Material shown
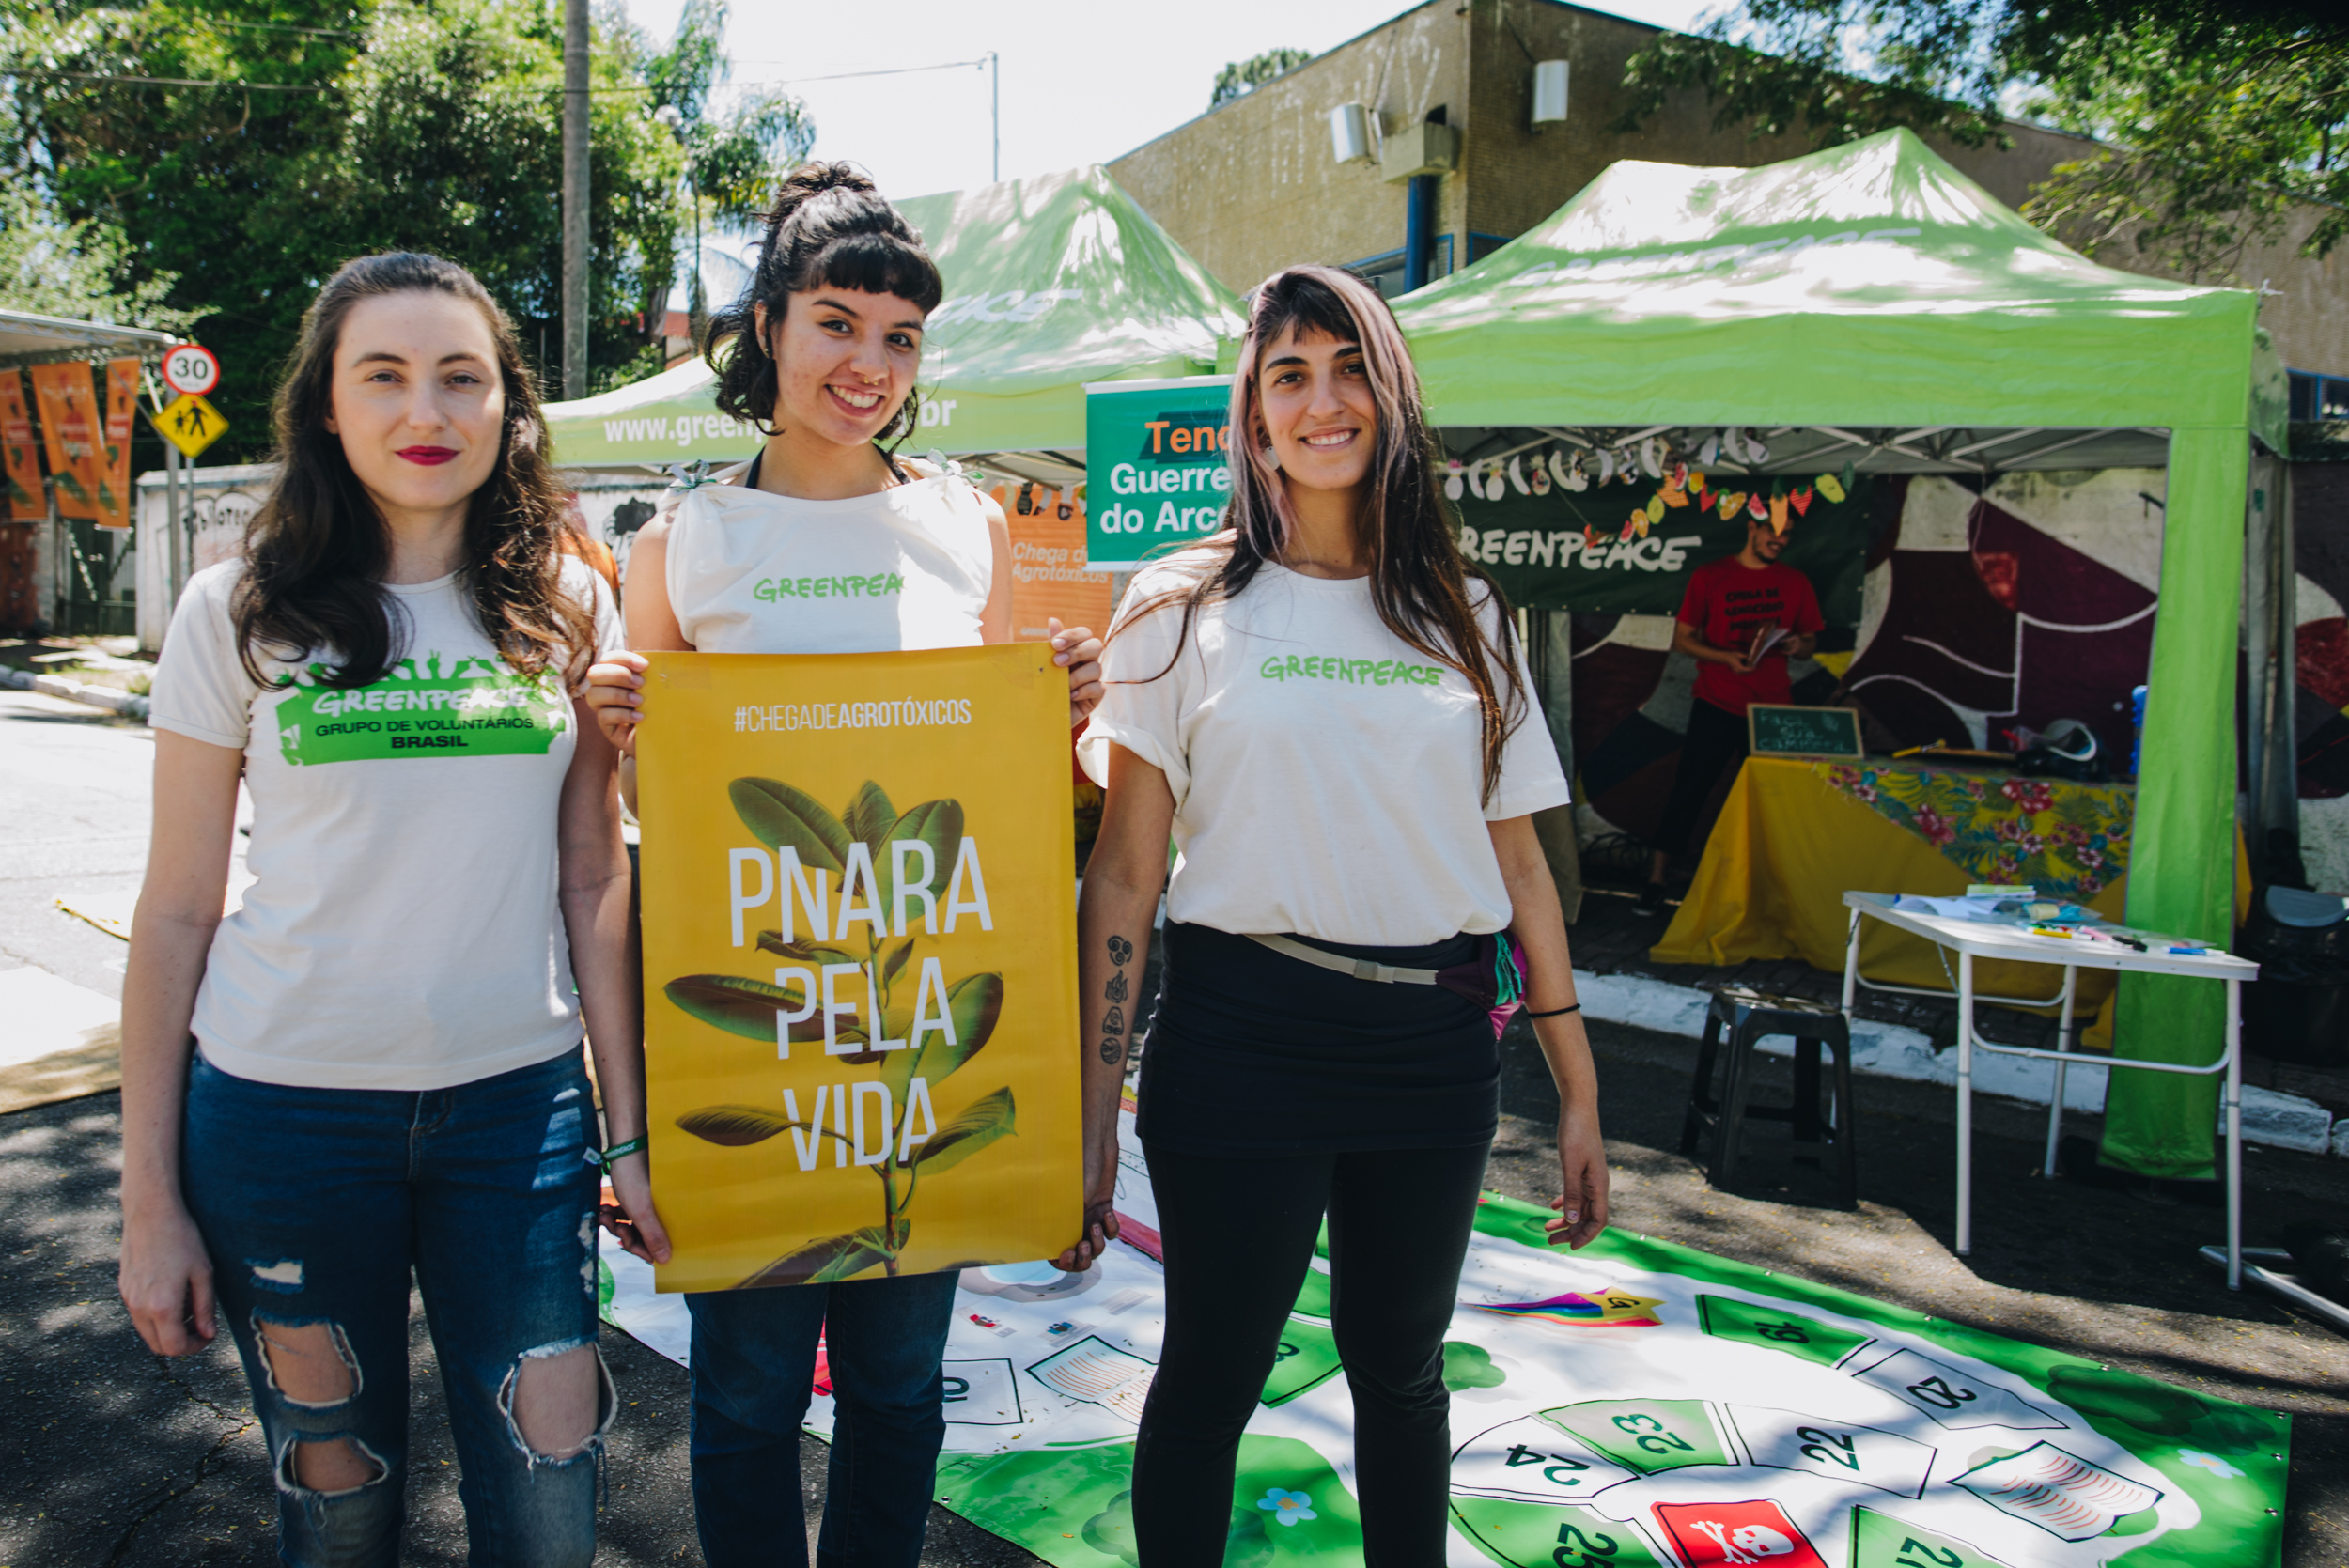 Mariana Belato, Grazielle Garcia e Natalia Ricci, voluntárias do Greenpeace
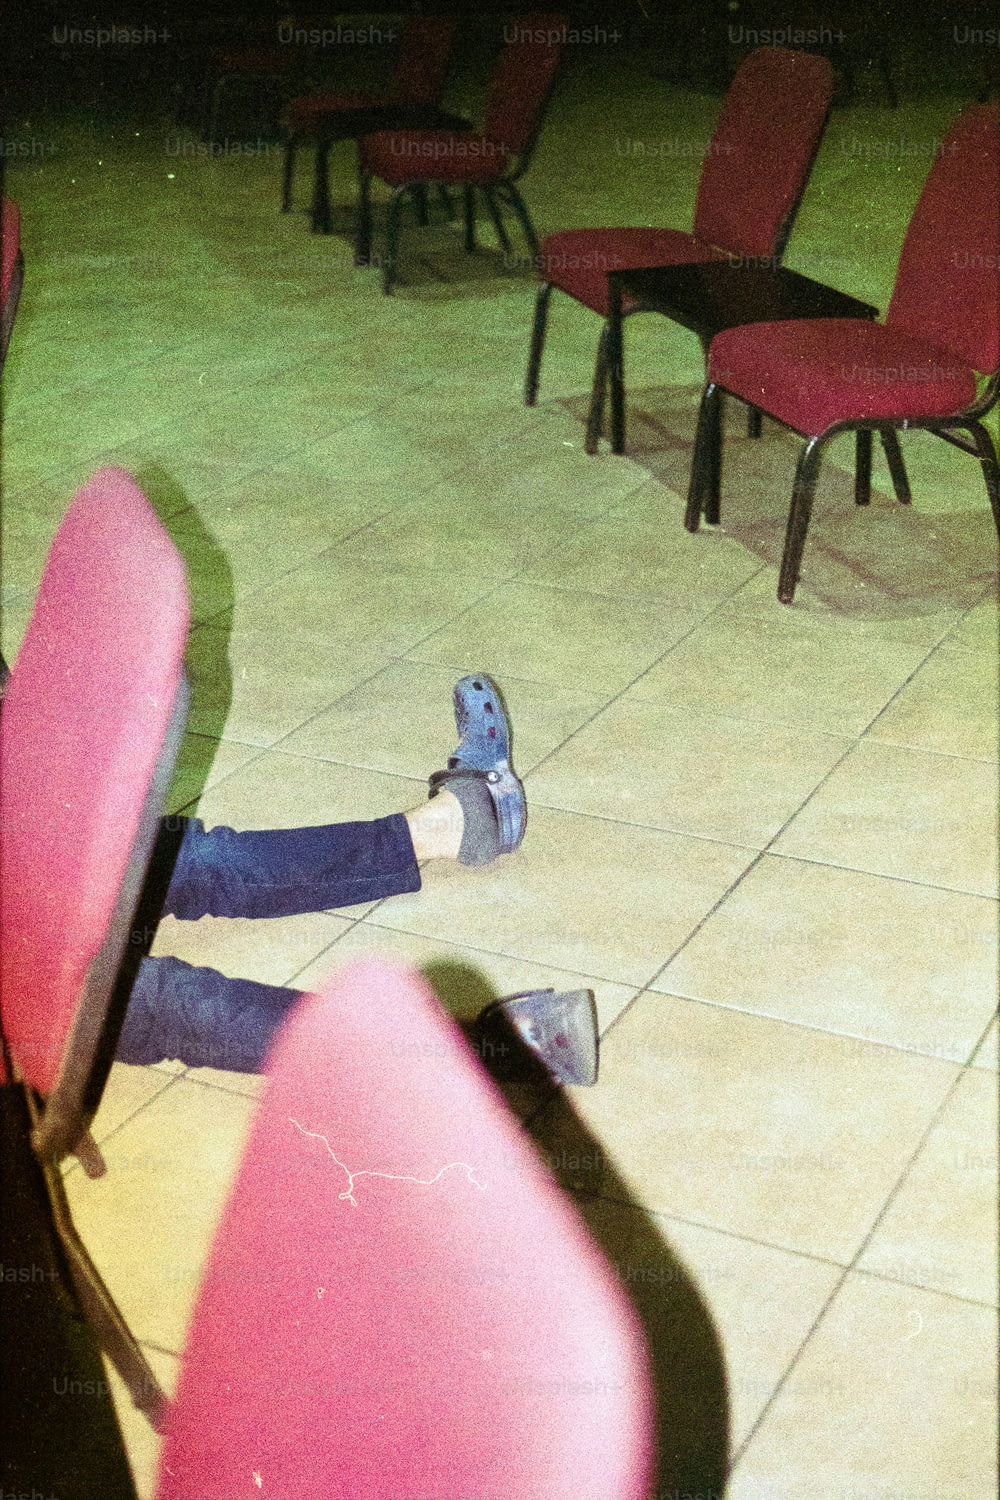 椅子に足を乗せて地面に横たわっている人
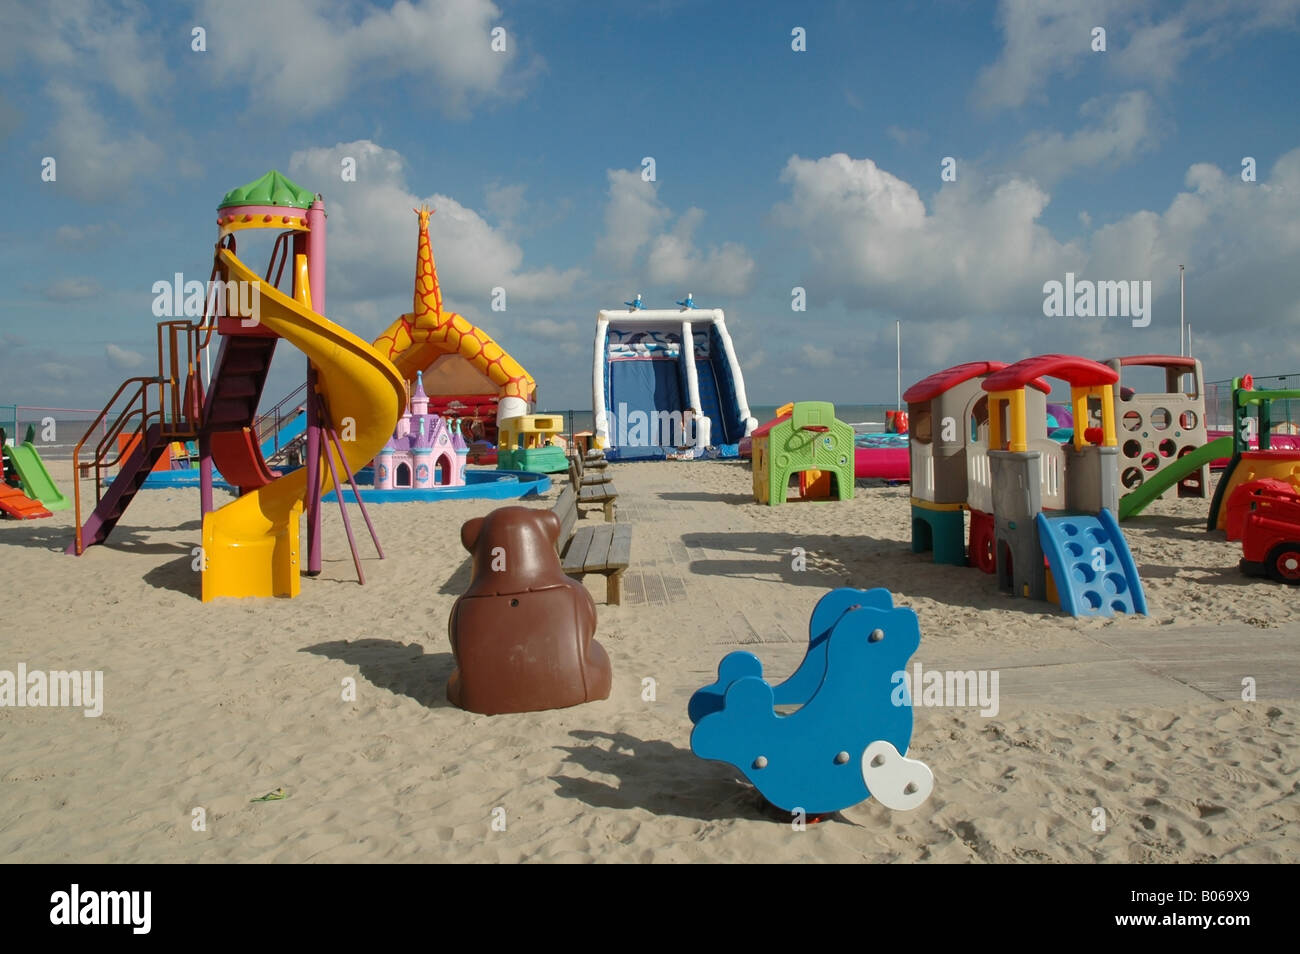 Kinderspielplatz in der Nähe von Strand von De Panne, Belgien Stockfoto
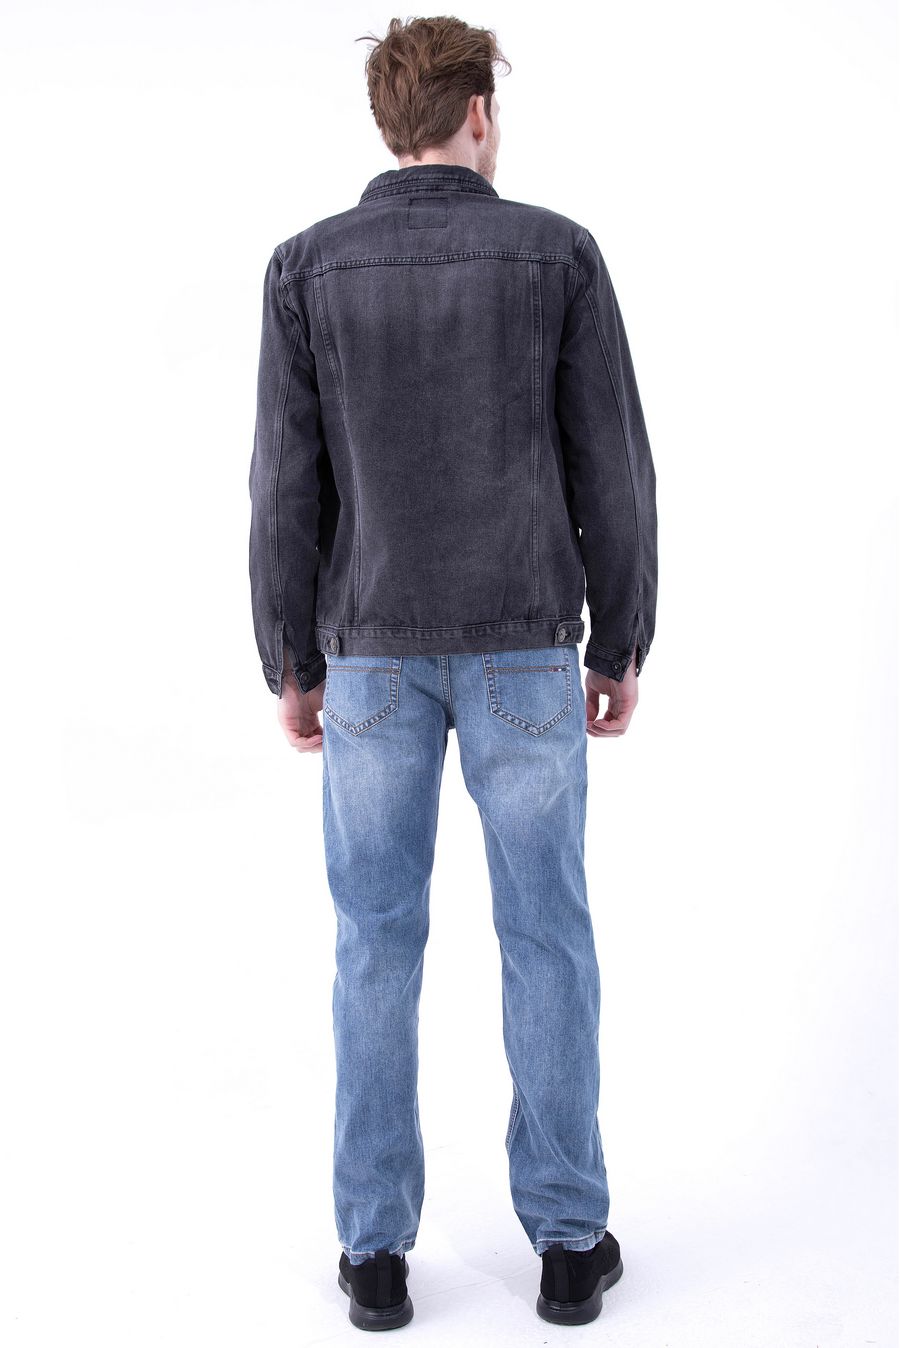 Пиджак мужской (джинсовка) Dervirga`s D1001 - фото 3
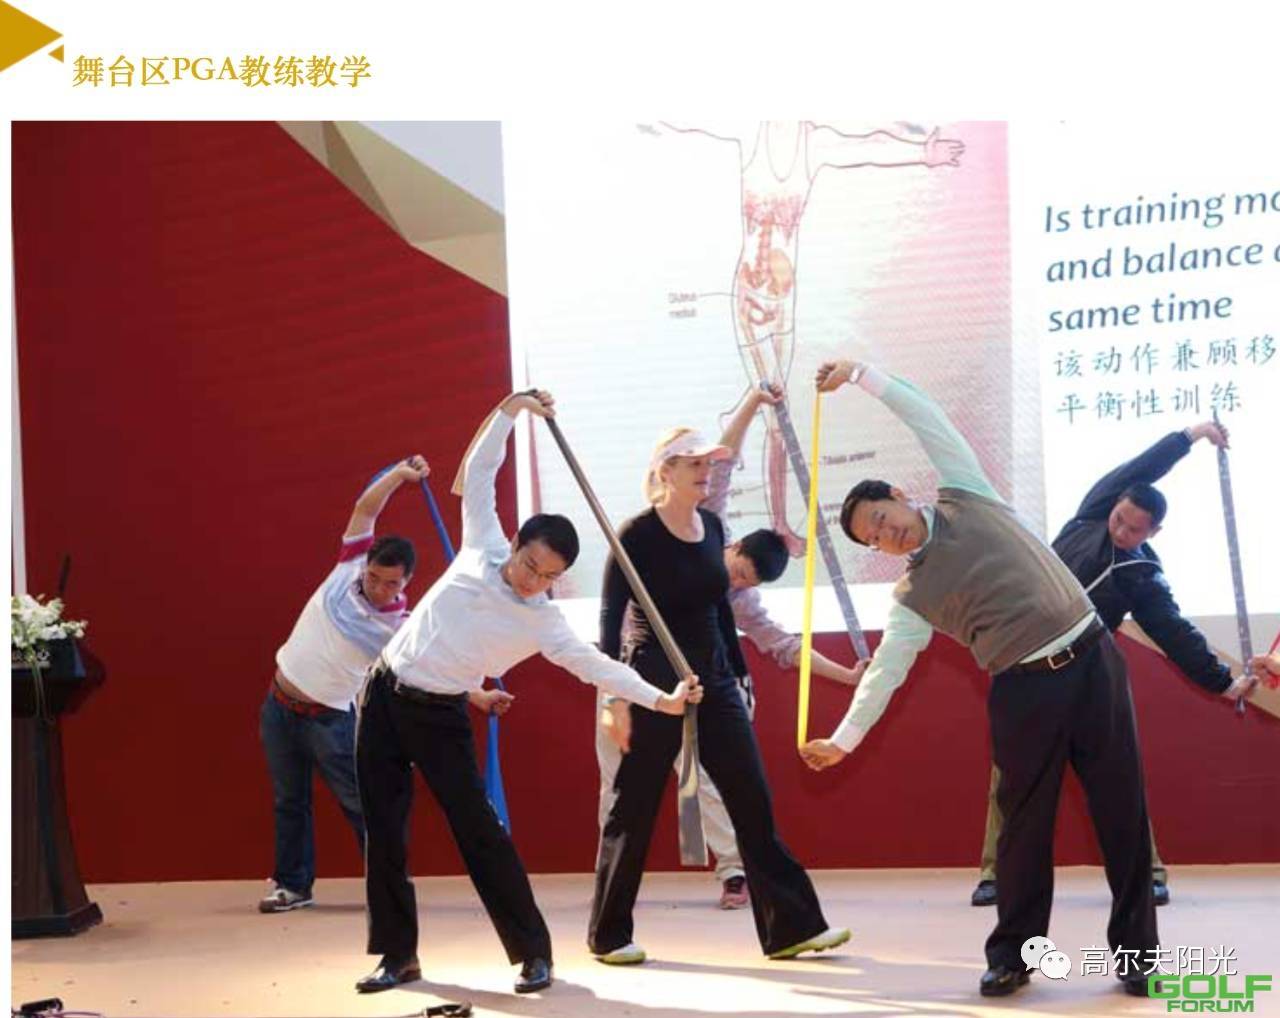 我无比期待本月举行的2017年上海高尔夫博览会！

Activity
Retype the records above exactly, and keep any picture out of what you write.

Solved problem
 Mariana Belato, Grazielle Garcia e Natalia Ricci, voluntárias do Greenpeace
 椅子に足を乗せて地面に横たわっている人
 Kinderspielplatz in der Nähe von Strand von De Panne, Belgien Stockfoto
 Пиджак мужской (джинсовка) Dervirga`s D1001 - фото 3
 我无比期待本月举行的2017年上海高尔夫博览会！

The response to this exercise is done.